Below are the records; copy exactly the stretch from the line containing "US Army Military" through the line containing "Words Privacy Risk", both ends included, and nothing else.
:: INPUT DATA ::
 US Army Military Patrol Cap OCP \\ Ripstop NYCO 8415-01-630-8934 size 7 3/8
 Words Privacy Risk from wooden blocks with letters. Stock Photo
:::
:: INPUT DATA ::
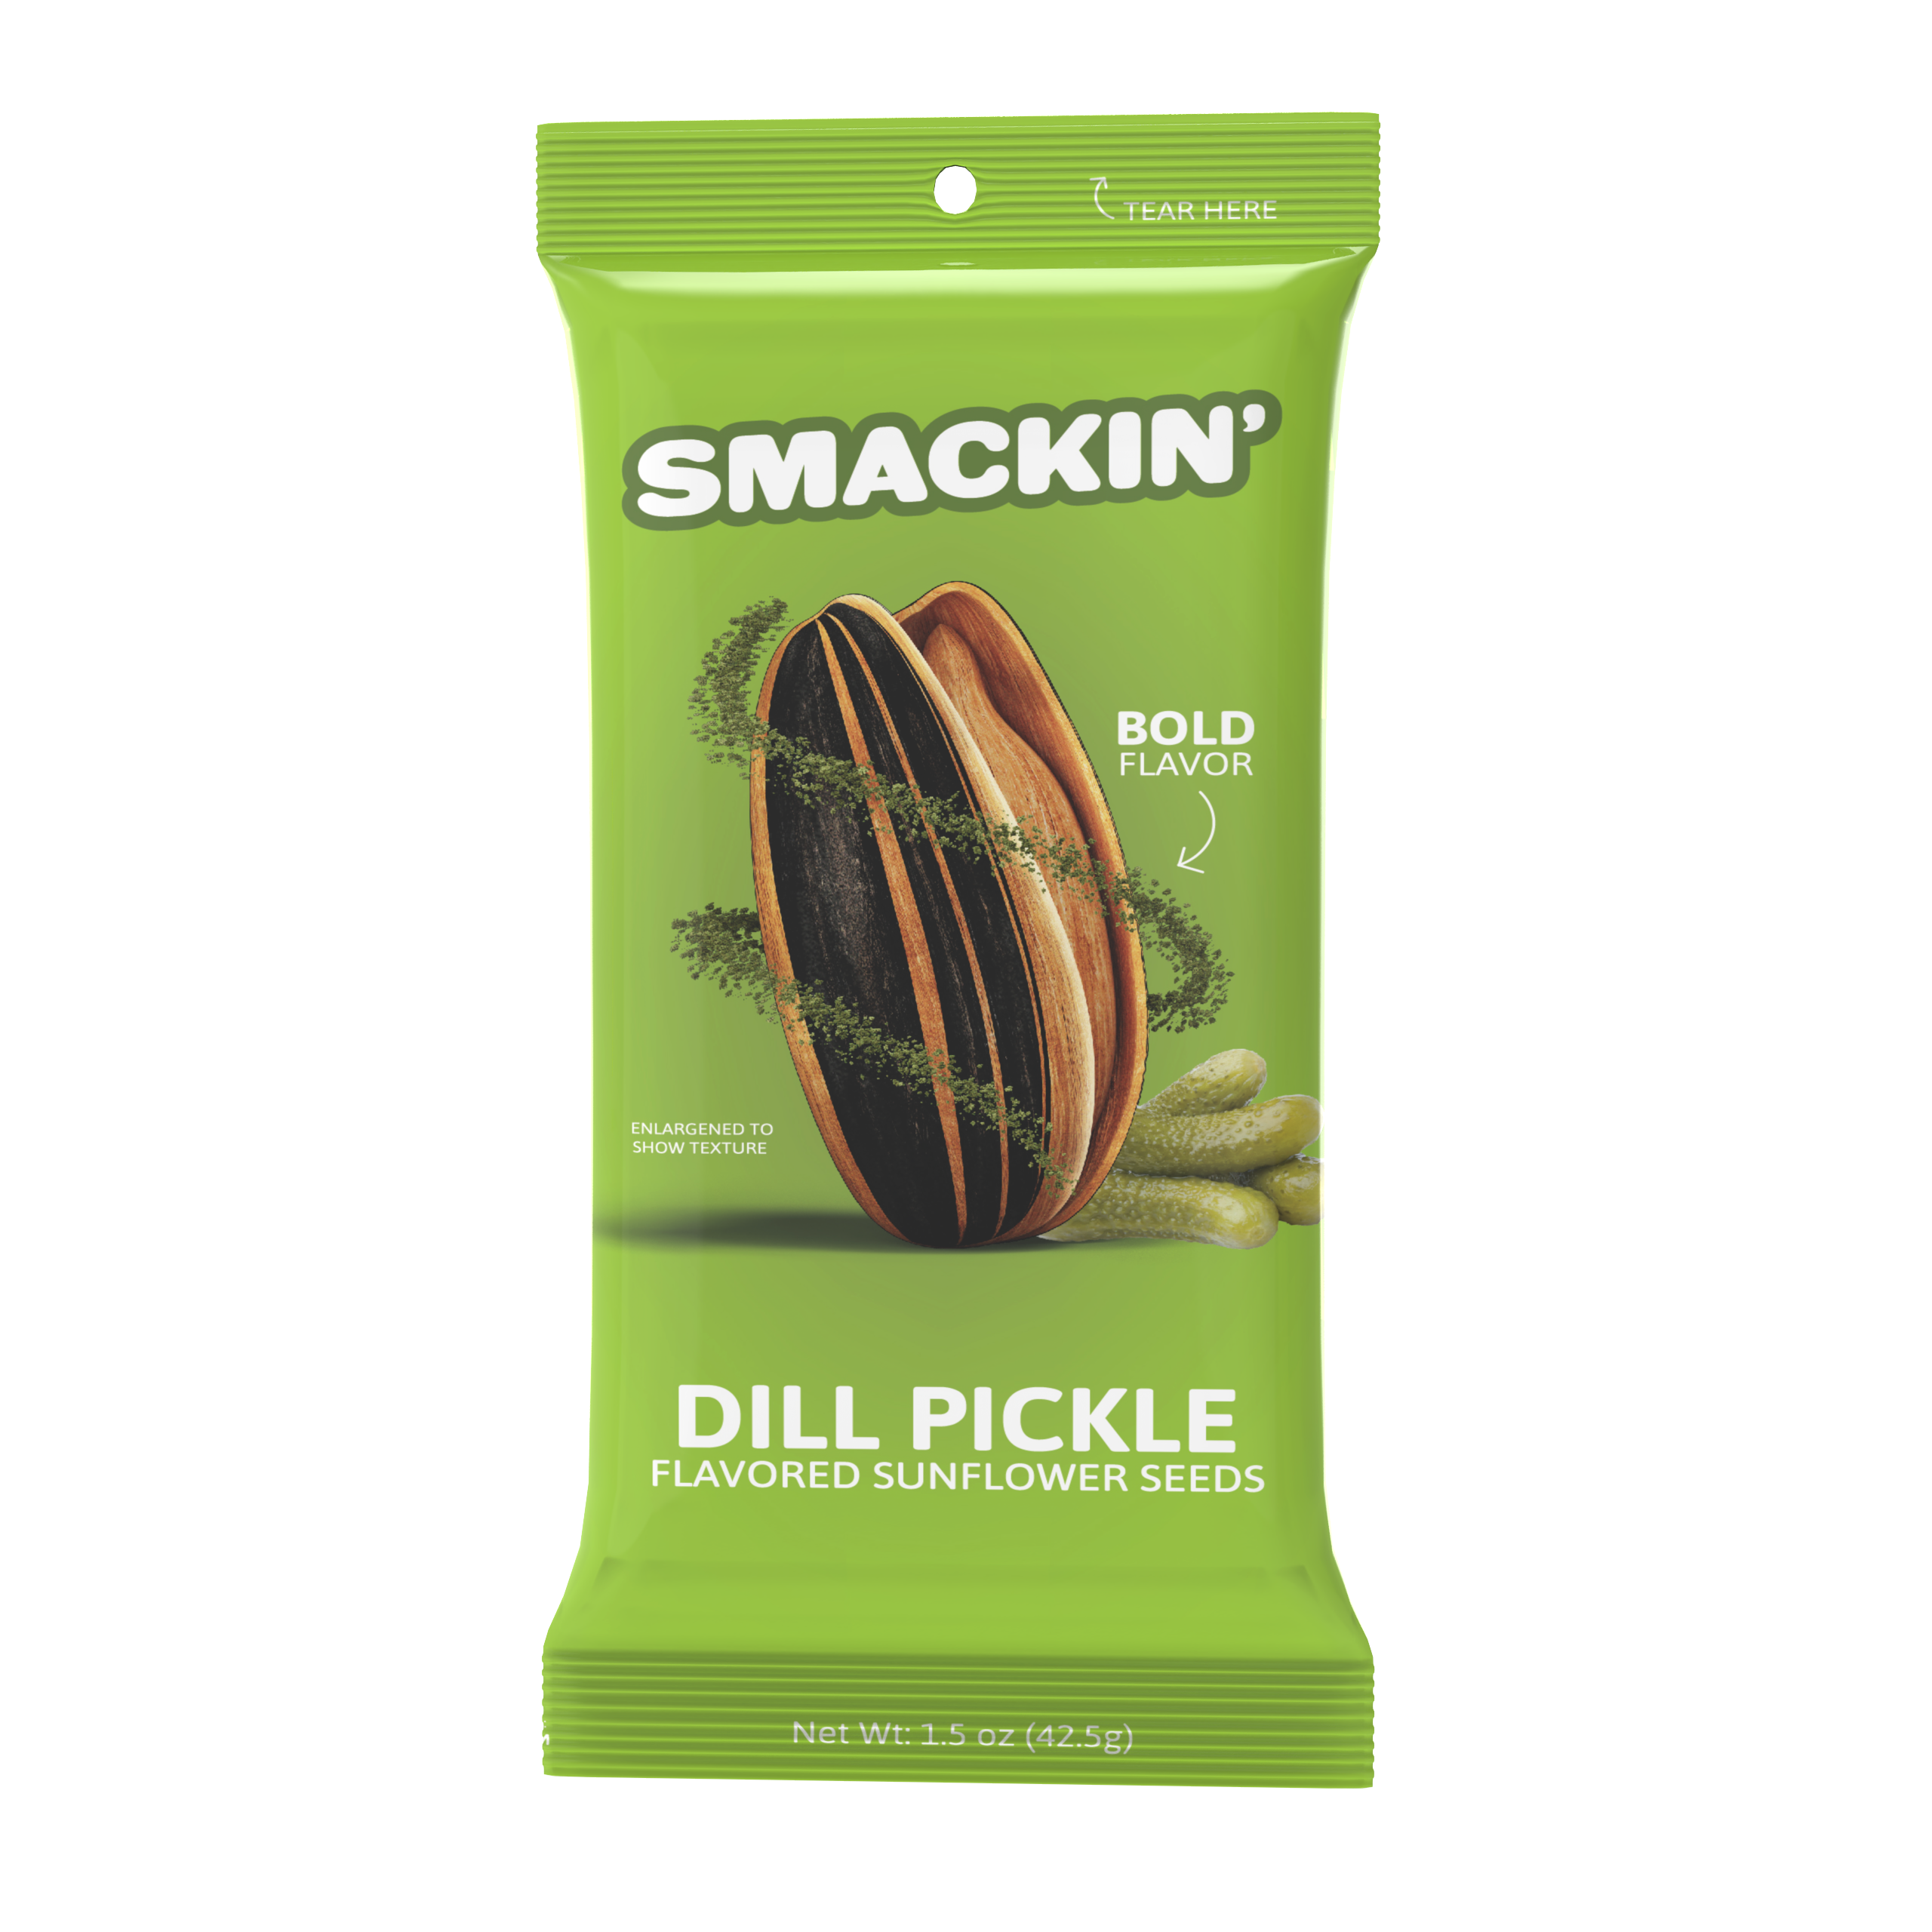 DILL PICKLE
:::
:: INPUT DATA ::
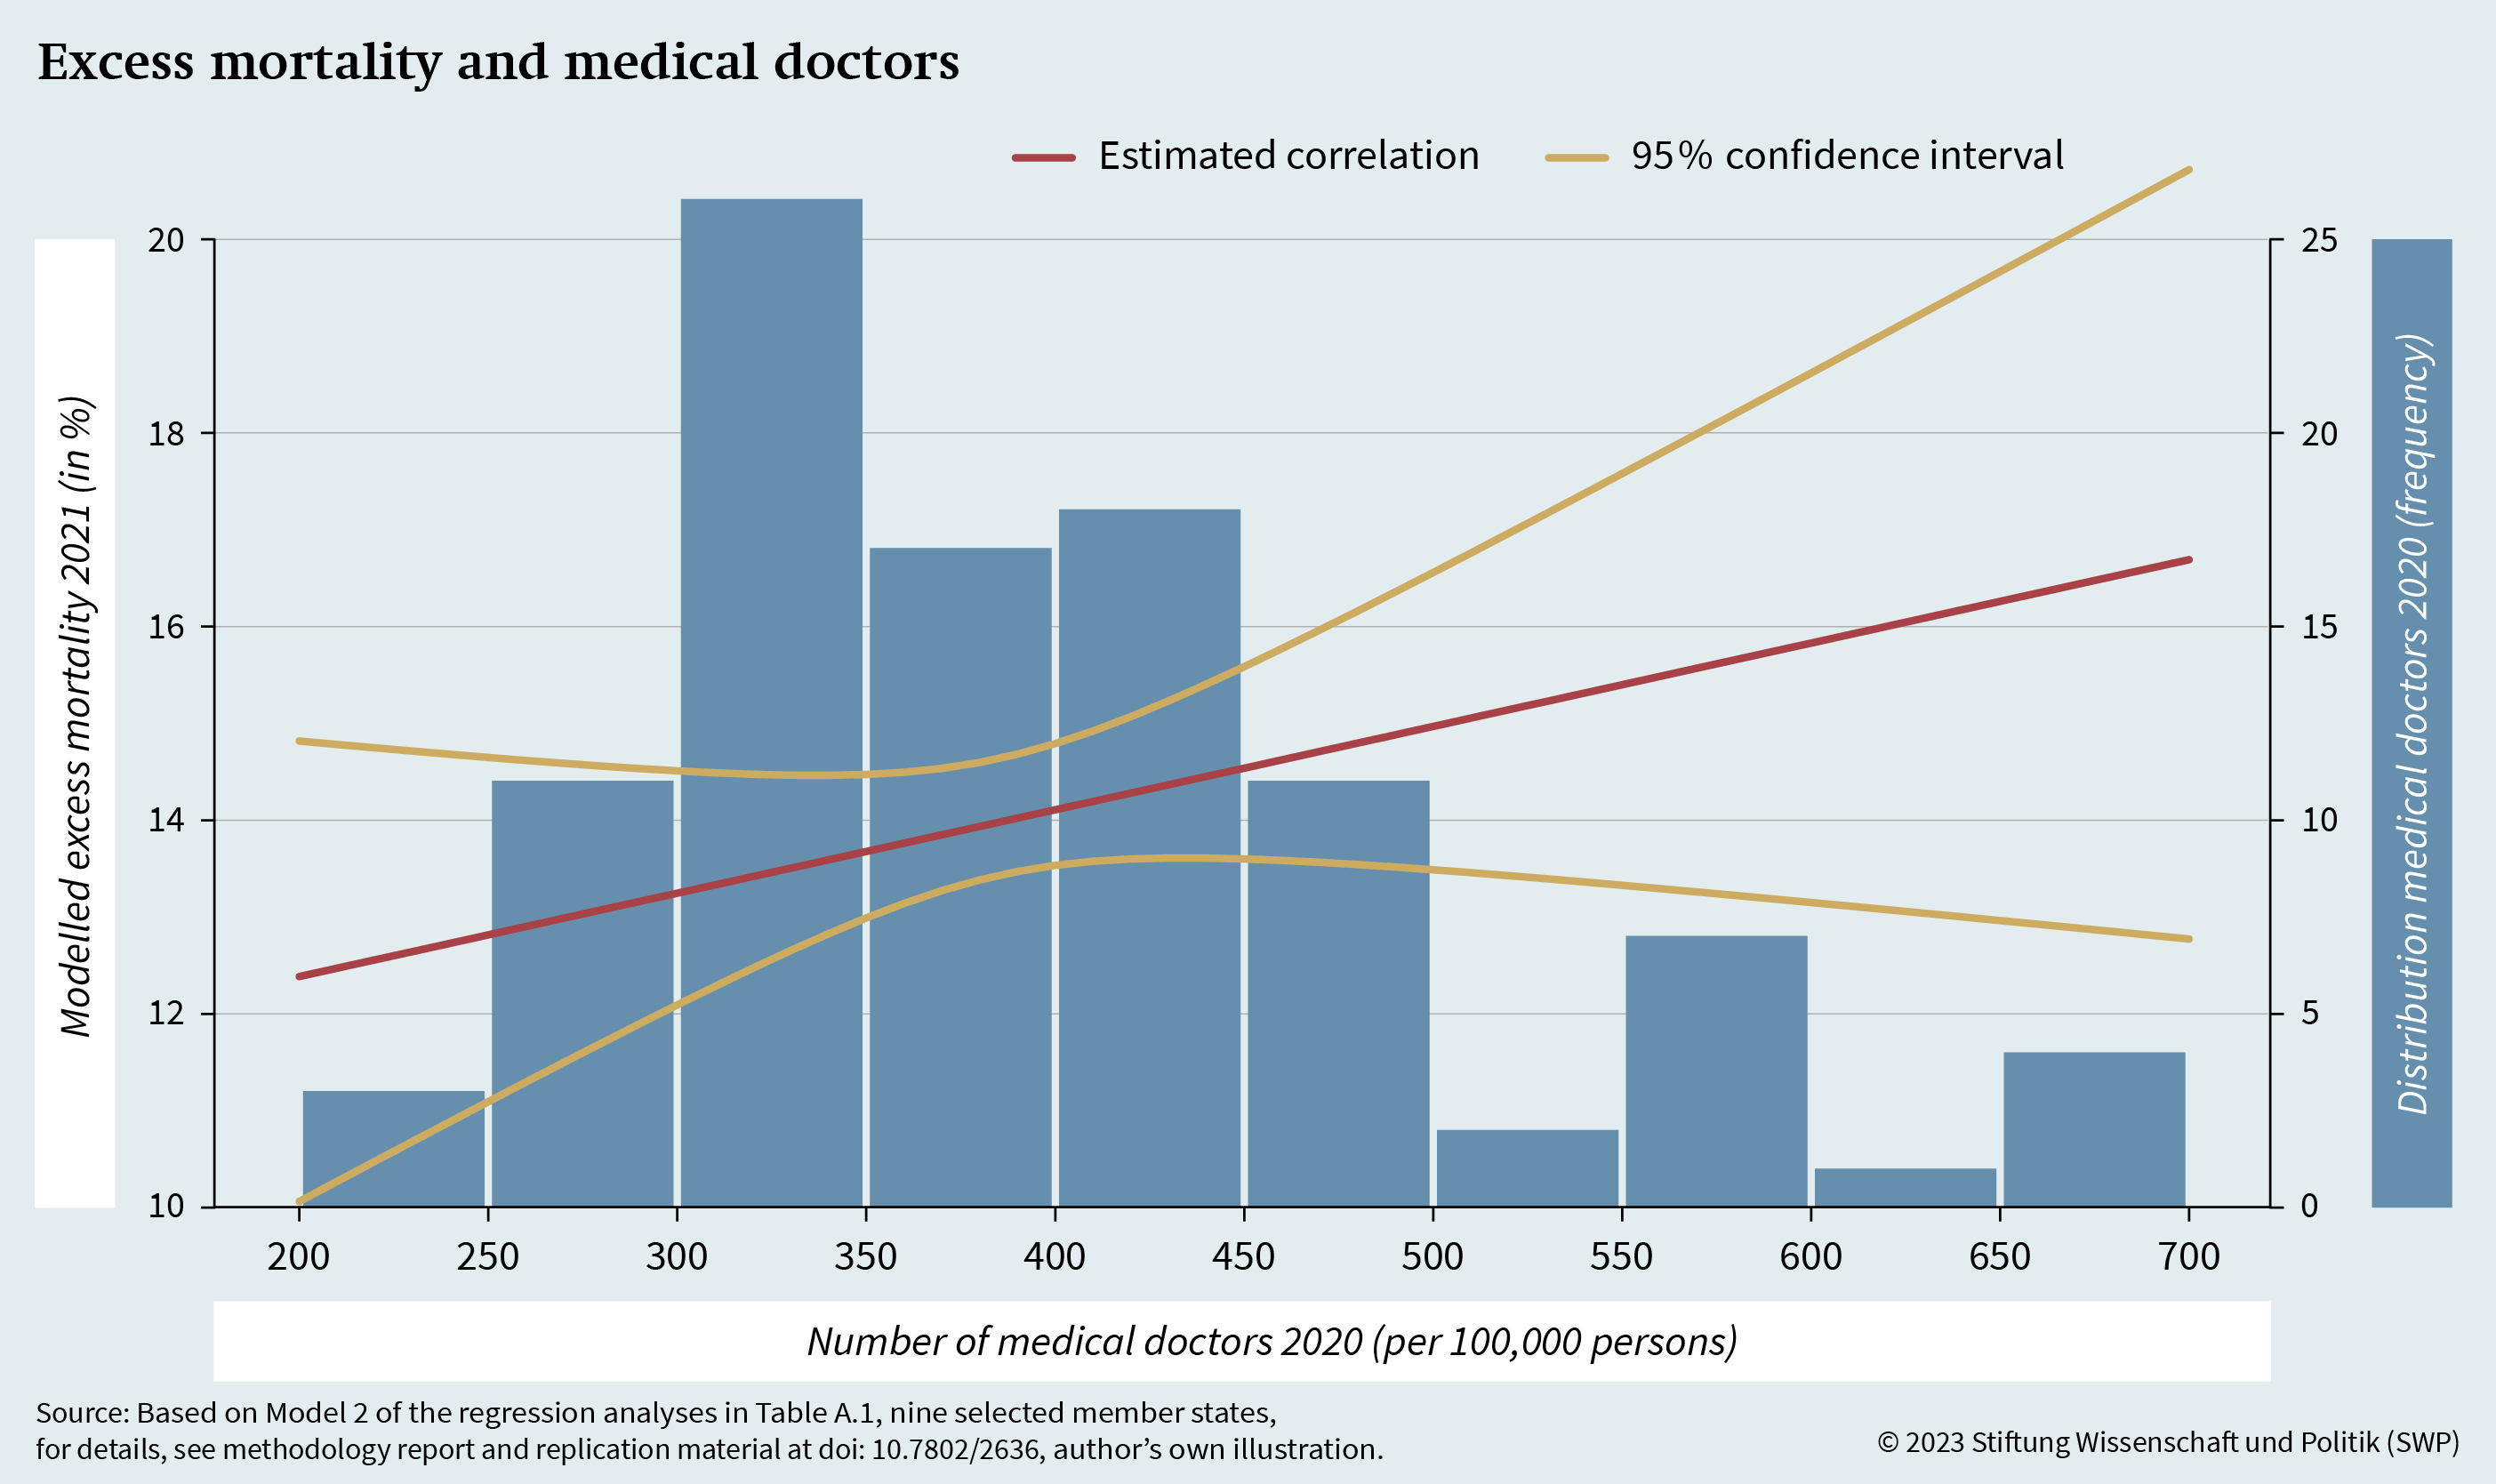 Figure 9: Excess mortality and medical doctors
:::
→ OUTPUT OF THE TASK
 US Army Military Patrol Cap OCP \\ Ripstop NYCO 8415-01-630-8934 size 7 3/8
 Words Privacy Risk from wooden blocks with letters. Stock Photo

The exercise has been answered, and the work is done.